The political, legal and constitutional issues raised by the unfolding Rajasthan drama will require careful disentangling. But a few things are already clear: There is evident bad faith on all sides, a shadow over the credibility of every player. Chief Minister Ashok Gehlot tried to stamp out the rebellion within by bizarre acts of heavyhandedness like the sedition notice served by his government to his own deputy, which became the trigger for the current unravelling. The Sachin Pilot camp of dissenting MLAs has taken recourse to an unedifying cloak-and-dagger resort politics. Governor Kalraj Mishra, by sitting on the chief minister’s demand for a floor test — the most transparent way of settling doubts about the government’s continuing viability — is inviting accusations of partisanship. The Courts — both the high court, which has stayed disqualification proceedings against the 19 MLAs by the assembly Speaker and framed 13 questions that recast the matter as one that involves larger questions of freedom of expression and basic structure of the Constitution, and the Supreme Court which has so far played along — have scarred their own record when it comes to protecting and seen to be protecting dissent.

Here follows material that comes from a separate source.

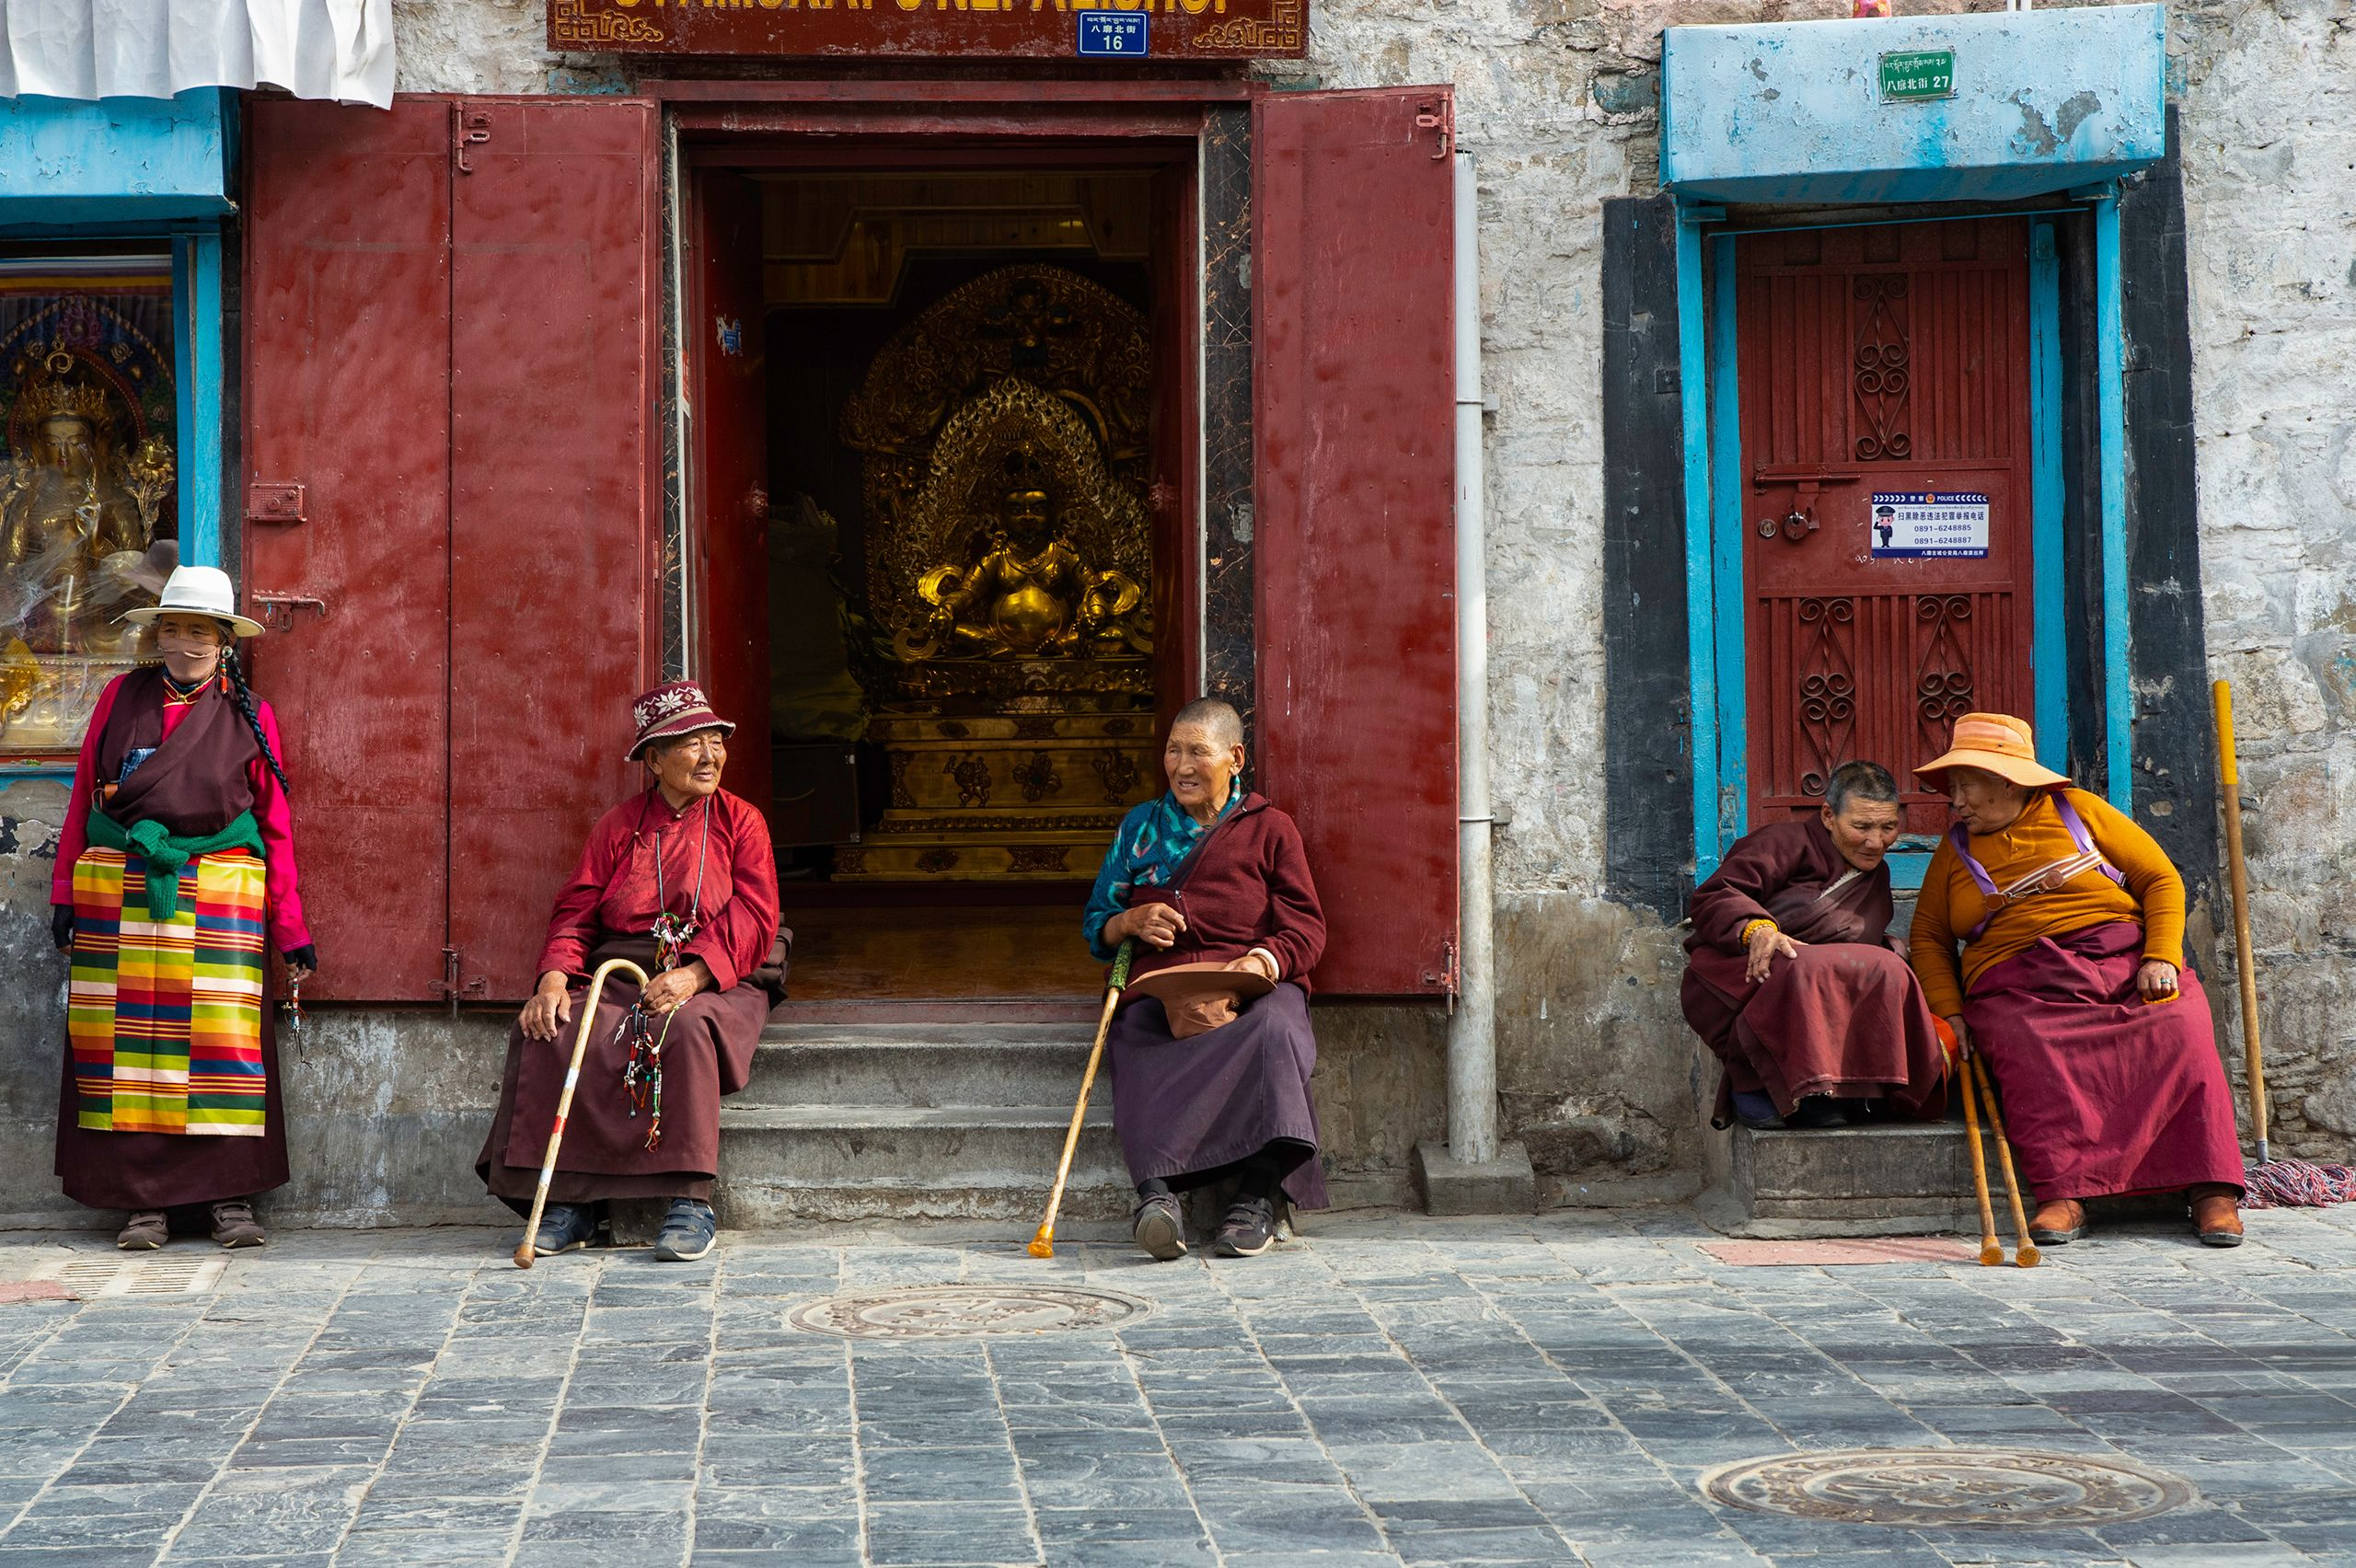 Lhasa_100-1.jpg

And yet, the 13 questions framed by the Rajasthan High Court strike a chord. This is so because of a political culture defined by an anti-defection law which, in its zeal to prevent “aaya ram, gaya ram” politics or horse trading, has shrunk the open spaces within parties, excessively empowering the party high command at the cost of the freedoms of legislators. In the backdrop is also the trend of brute electoral majorities, which makes dissent within the political behemoth as important as, if not more vital than, the opposition without. In this context, the high court’s prodding could open up space for a wider deliberation on some vital issues — on what “defection” means, and where the line is to be drawn between “crossing over” and intra-party dissent. Can the “expression of dissatisfaction or disillusionment and the strongly worded opinion against the party leadership”, be seen as conduct falling under the ambit of Para 2(1)(a) of the Tenth Schedule of the Constitution, which deals with an MP or MLA who “has voluntarily given up his membership of such political party”? After all, the 19 rebel MLAs insist that they remain with the Congress, despite their grievances with Gehlot’s leadership. The high court’s questions also problematise the party whip and its applicability.
In 1992, a five-judge Constitution bench of the Supreme Court in Kihoto Hollohan upheld the constitutional validity of the Tenth Schedule and cast a specific prohibition on courts intervening in disqualification matters ahead of the Speaker’s ruling. As the matter comes up again before the Supreme Court today, therefore, there is existing jurisprudence and law, and uncharted territory ahead. The process that has begun with the Rajasthan HC’s 13 questions could lead to less opacity and greater openness in the building blocks of parliamentary democracy. But treading into the inner lives of parties could also be fraught with risks — it is a slippery slope from reform to imperilling autonomy.